Лука стремительно за ним гнался, только догнать не сумел. Силуэт пропадал время от времени, заворачиваясь в простыню тумана, затем возникал вновь, на прежнем расстоянии. И как ни ускорял преследователь шаг, ни срывался на бег – приблизиться не смог ни на йоту.

Призрачный силуэт привел его к заболоченному месту недалеко от кладбища. Опасной трясины там никогда не было, но место все равно считалось заболоченным, поскольку выходившие наружу подземные воды размывали почву настолько, что в образовавшееся месиво из глины и грязи можно было провалиться чуть ли не по пояс. Марево здесь становилось непроглядным, подпитываемое душным дыханием застоявшейся сырости, каплями оседало на кустарнике, на деревьях, ни лице Луки, без того покрытом холодной испариной.

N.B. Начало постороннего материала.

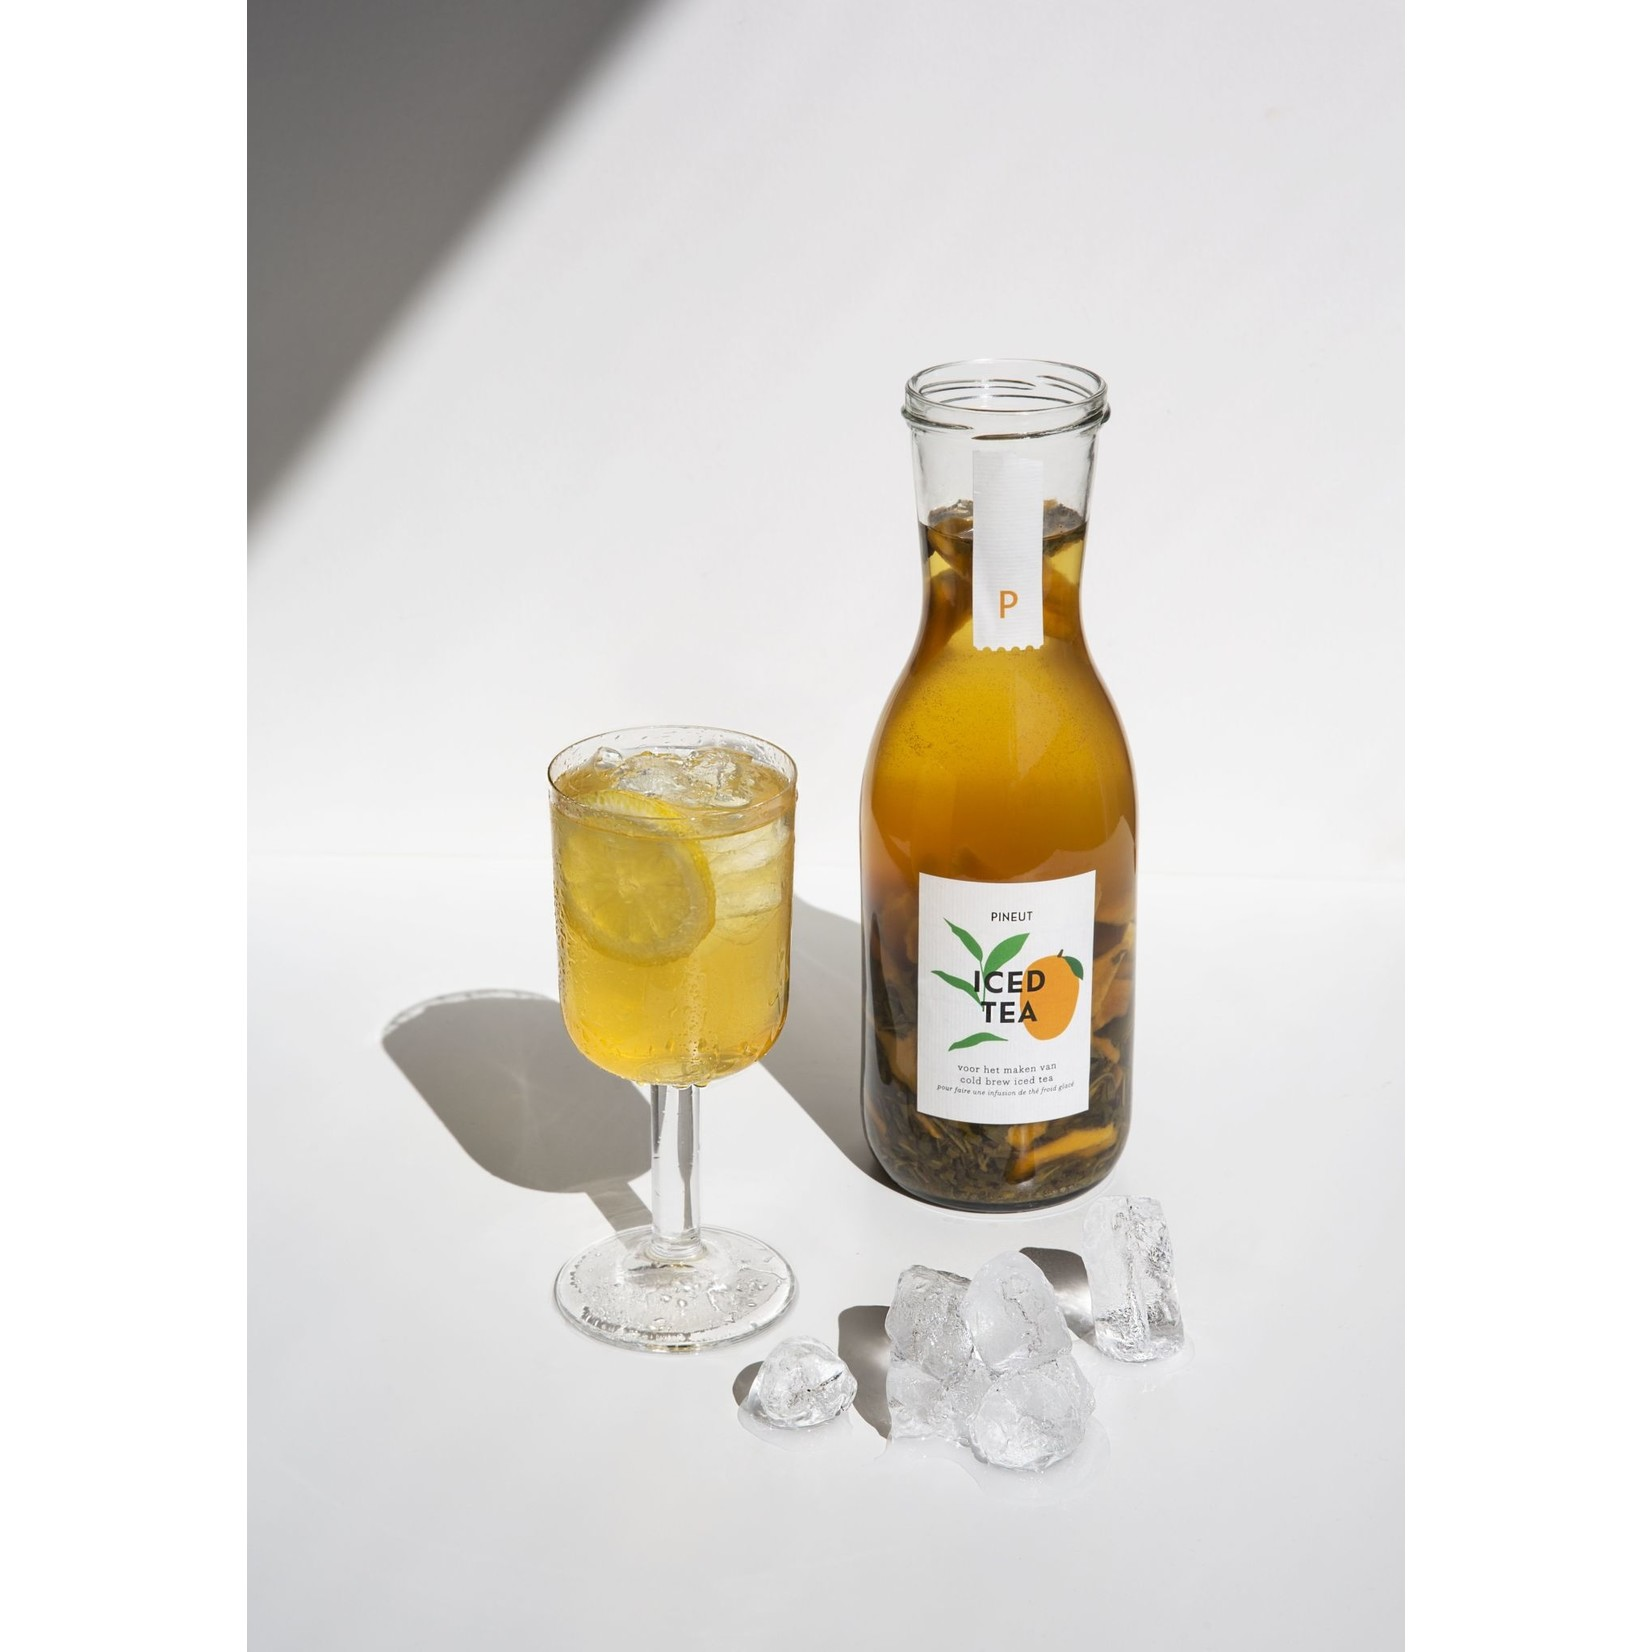 Pineut Cold brew iced tea

Деревья кругом стояли хилые, немощные – произрастая внутри древней горы, они рано или поздно достигали корнями каменистой основы, скрытой под слоем почвы. Корни немного точили камень, буравили его наружный слой, но глубже уж не росли, и потому не могли питать чересчур широкий ствол да раскидистые ветви. Оттого деревца были тоненькие, невысокие, а ветви их разрозненно топорщились какими-то скрученными, изломанными клубками, трещали от малейшего ветерка и шевелились, напоминая отростки каких-то диковинных, неприятных насекомых.

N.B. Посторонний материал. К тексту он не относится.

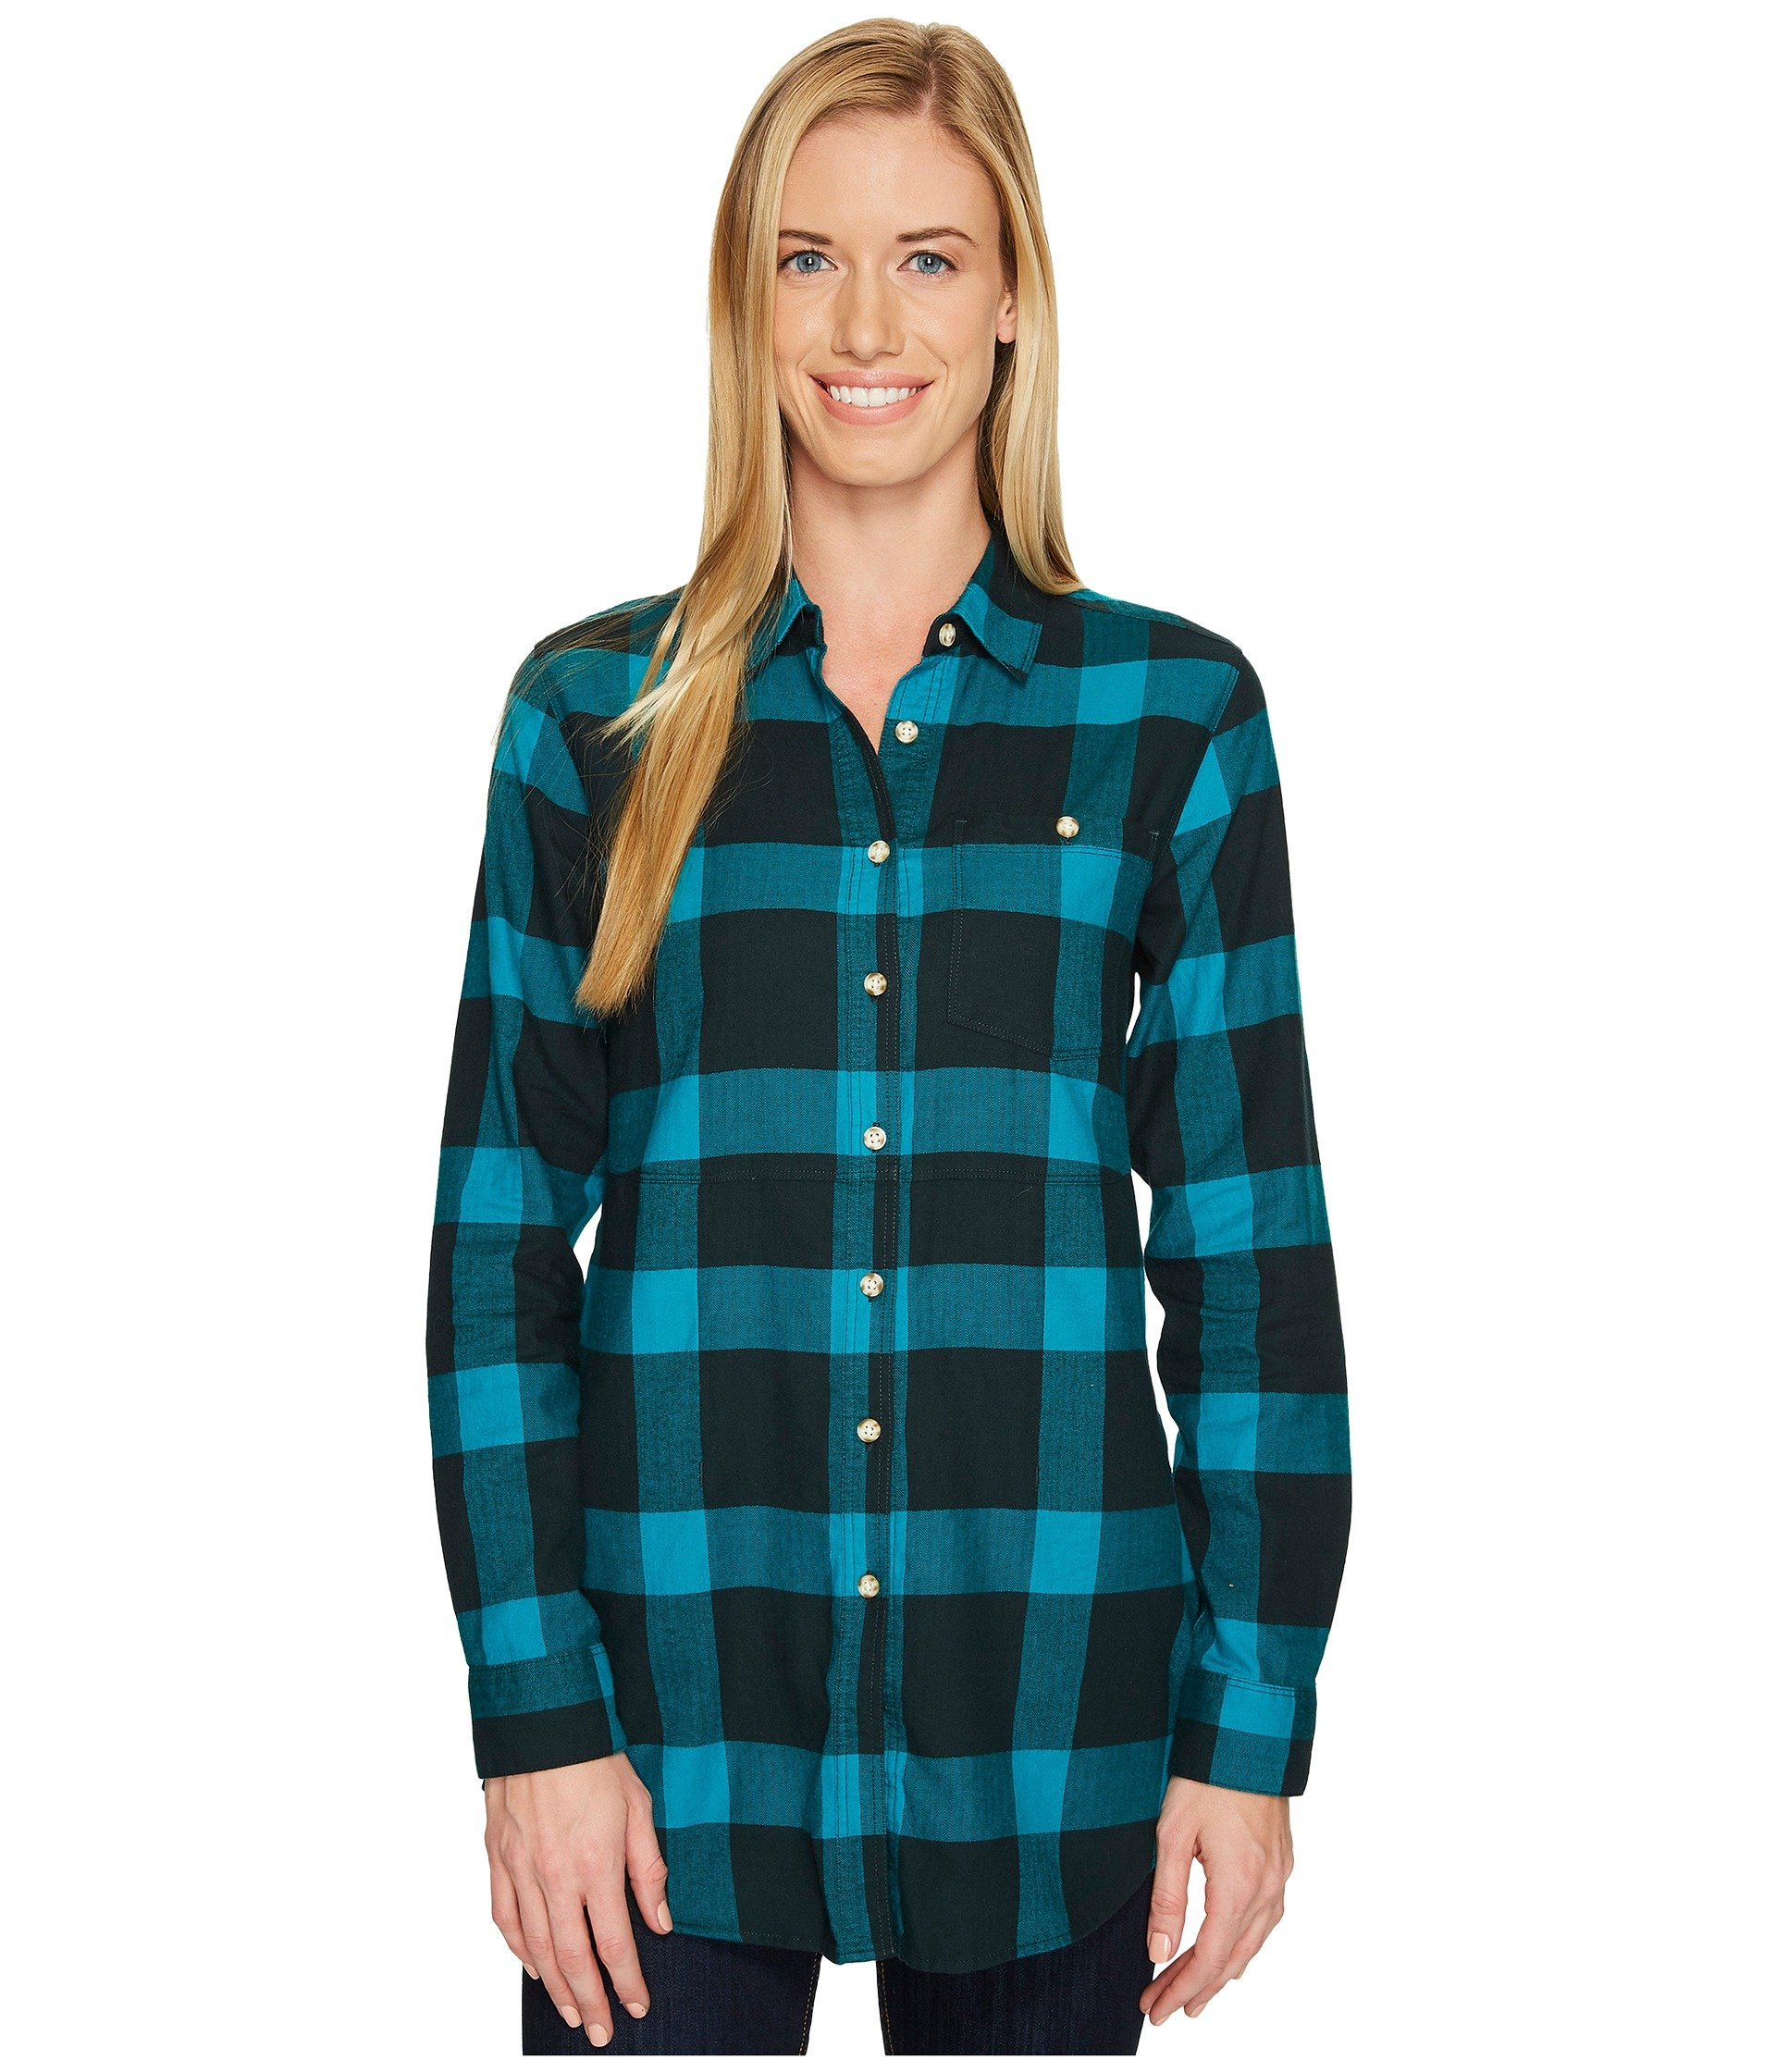 MOUNTAIN HARDWEAR Pt. Isabel Long Sleeve Tunic, Blue Spruce

Лука пару раз провалился в болотце, вымок, но упрямо следовал за силуэтом, продолжая тщетно звать его по имени:

– Илья! Илья!

А силуэт мелькнул в белесой дымке да вдруг пропал.

В отчаянии плескался Лука в грязной воде, мыкался то туда, то сюда, натыкаясь на ощерившиеся клубни ветвей, которые враждебно протягивали к нему свои хлипкие, остроконечные отростки-язычки, кое-где покрытые зелеными пятнами нарождающихся листьев.

– Илья! – вопил он истошно, но в ответ слышал лишь трескотню растревоженных деревьев.

Тут что-то как будто вздрогнуло в отдалении. Обувщик ринулся в ту сторону, выкарабкался из вязкой лужи, уловил прямо подле себя, за пеленой тумана, тихий, натуженный скрип, пригляделся и на ближайшем дереве увидел нечто продолговатое и большое, неуместно приделанное к ветке да мерно раскачивающееся, как затухающий маятник. А дерево прогнулось под тяжестью, и неопознанный предмет почти касался земли.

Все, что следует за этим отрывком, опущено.